There are, however, many shades of Unionism and Republicanism, with people on both sides prepared to compromise.
For years, extremists on both sides have used violence to deny moderates the opportunity to work together. Cease-fires have created a new atmosphere, and allowed parties with links to the militant groups into the peace talks that led to the agreement.
A large "Yes" vote would allow the moderates to come together in the new elected Assembly that gradually is to assume many government functions in Northern Ireland.
But it is not just moderates who are on the "Yes" side. Sinn Fein and the Progressive Unionist Party (which is linked to the extremist Loyalist Volunteer Force) also campaigned for a "Yes" vote.
Still, moderates on both sides want these parties to be denied seats in a new Assembly until their militant allies declare their cease-fires permanent and give up their weapons.
A division that's not traditional
The problem of weapons decommissioning, and the prospect of hard-line Unionist Parties determined to disrupt an assembly, mean Northern Ireland is likely to face years of political wrangling.
But the sight of Unionist and Republican politicians campaigning on the same side for a "Yes" vote, to most of the people with whom I have spoken in Belfast this week, is in itself a concrete achievement of the peace agreement.
To them, political wrangling is a lot better than bombs and guns.
The threat of violence has diminished but not disappeared. Some breakaway militant groups on both sides have not declared cease-fires. And the IRA and the main Loyalist militant groups are still heavily armed.
Suspicions remain high on all sides in Northern Ireland after decades of violence and hundreds of years of British rule in all or part of Ireland.

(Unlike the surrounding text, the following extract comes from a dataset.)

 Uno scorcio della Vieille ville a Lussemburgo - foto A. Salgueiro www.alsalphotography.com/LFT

But the divisions that have always been drawn along religious lines, between Catholic and Protestant communities, appear to have shifted, temporarily at least.

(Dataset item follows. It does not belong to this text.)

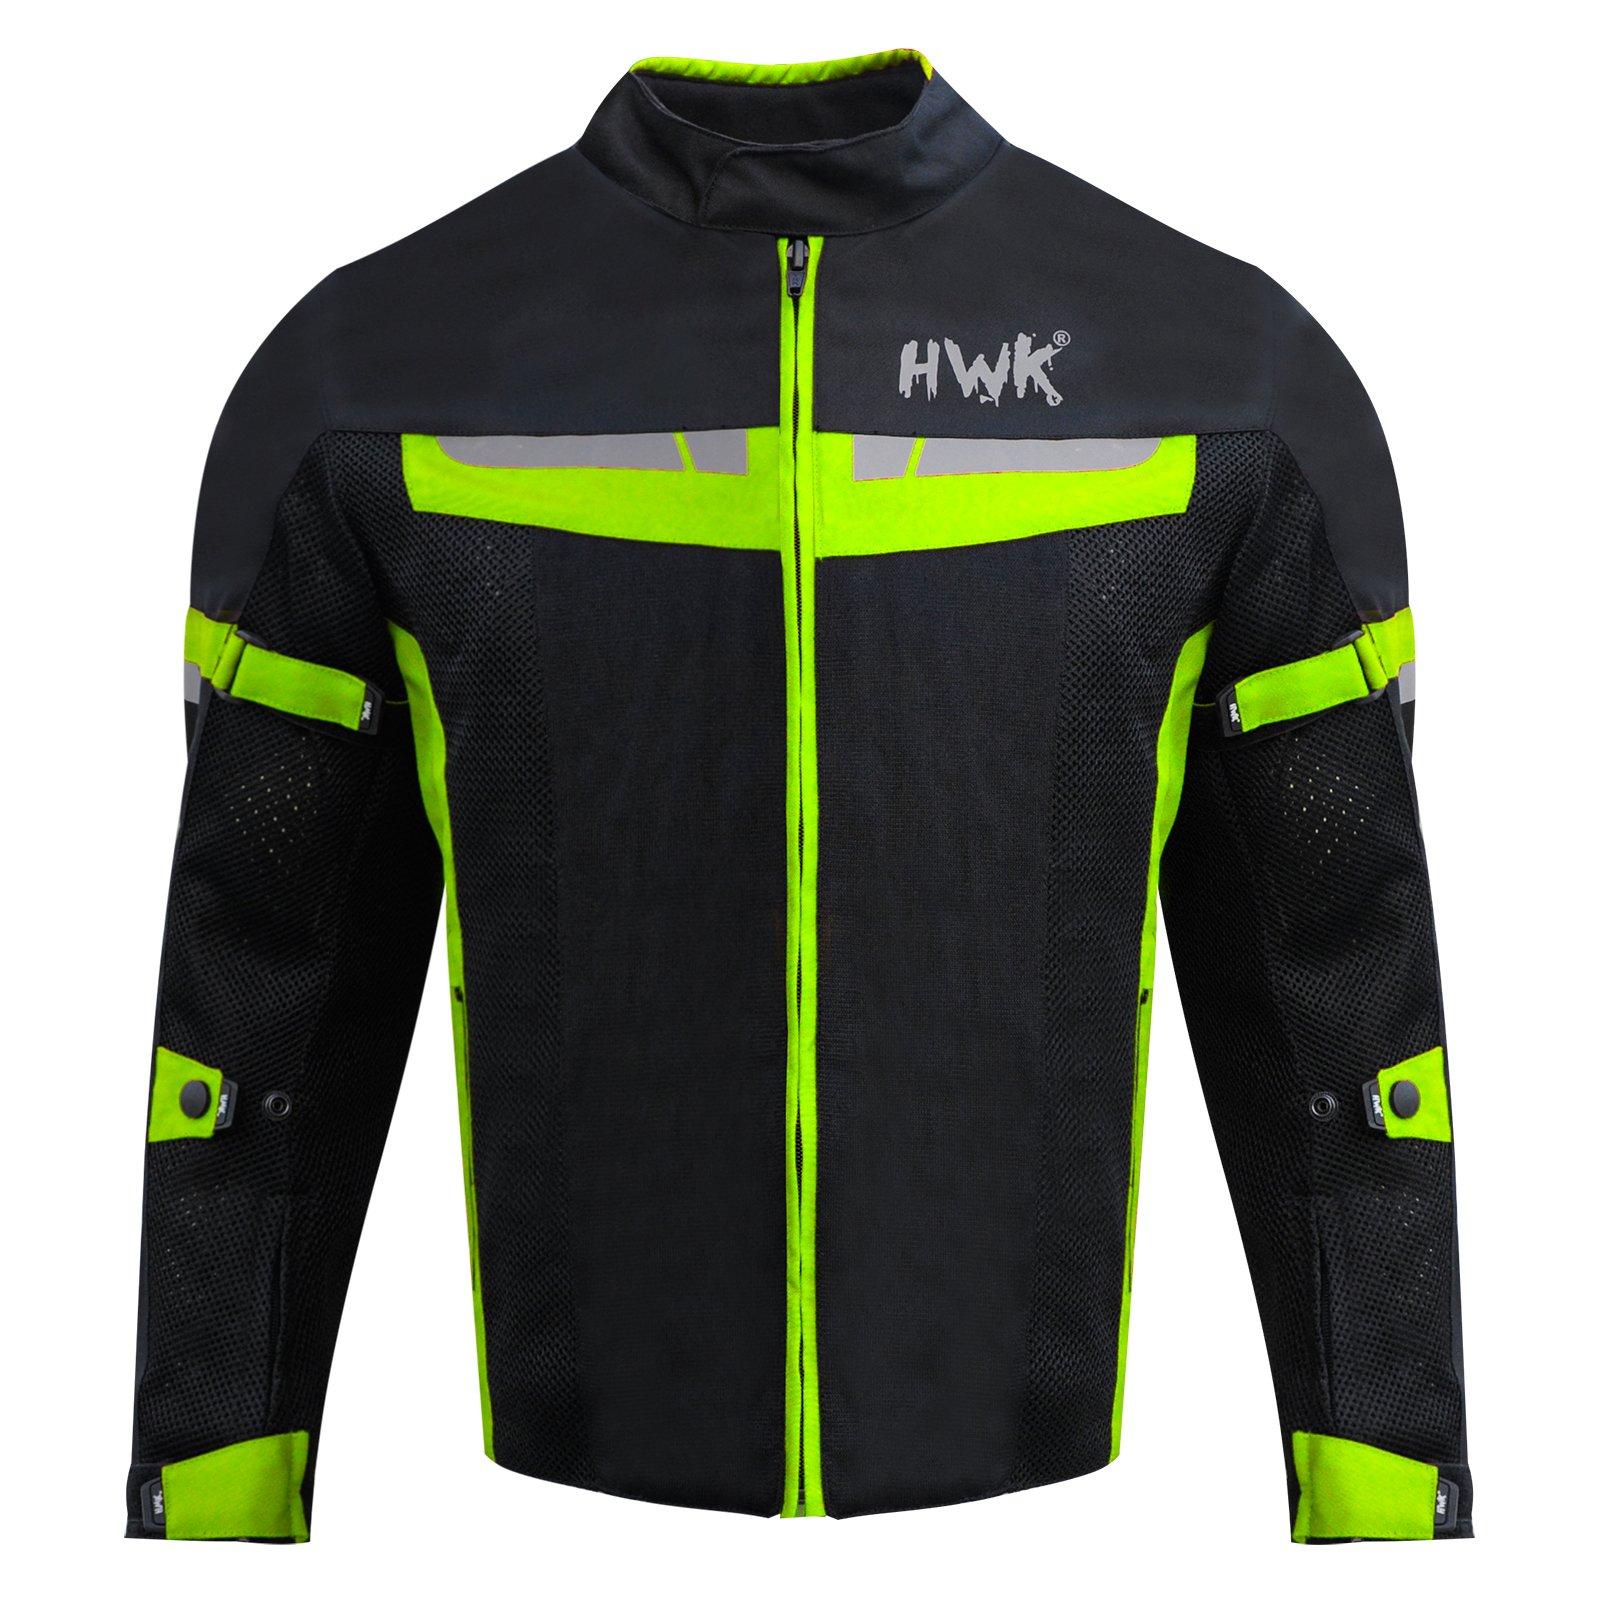 HWK Motorsports Direct Mesh Motorcycle Jacket Coat Motorbike Jacket Biker Cordura Waterproof CE Armoured Breathable 100% Waterproof Reissa Membrane 1 YEAR WARRANTY!! (Medium, Green)

The new division is between those who see a "Yes" vote as either a vote for peace or giving them some political advantage, and those who see a "No" vote as rejecting an agreement that would put them at a political disadvantage or create conditions for further violence.
Whatever the result, in giving the people a chance to express themselves independently from religious and political traditions, the agreement and the referendums already have changed the political environment in Northern Ireland beyond recognition.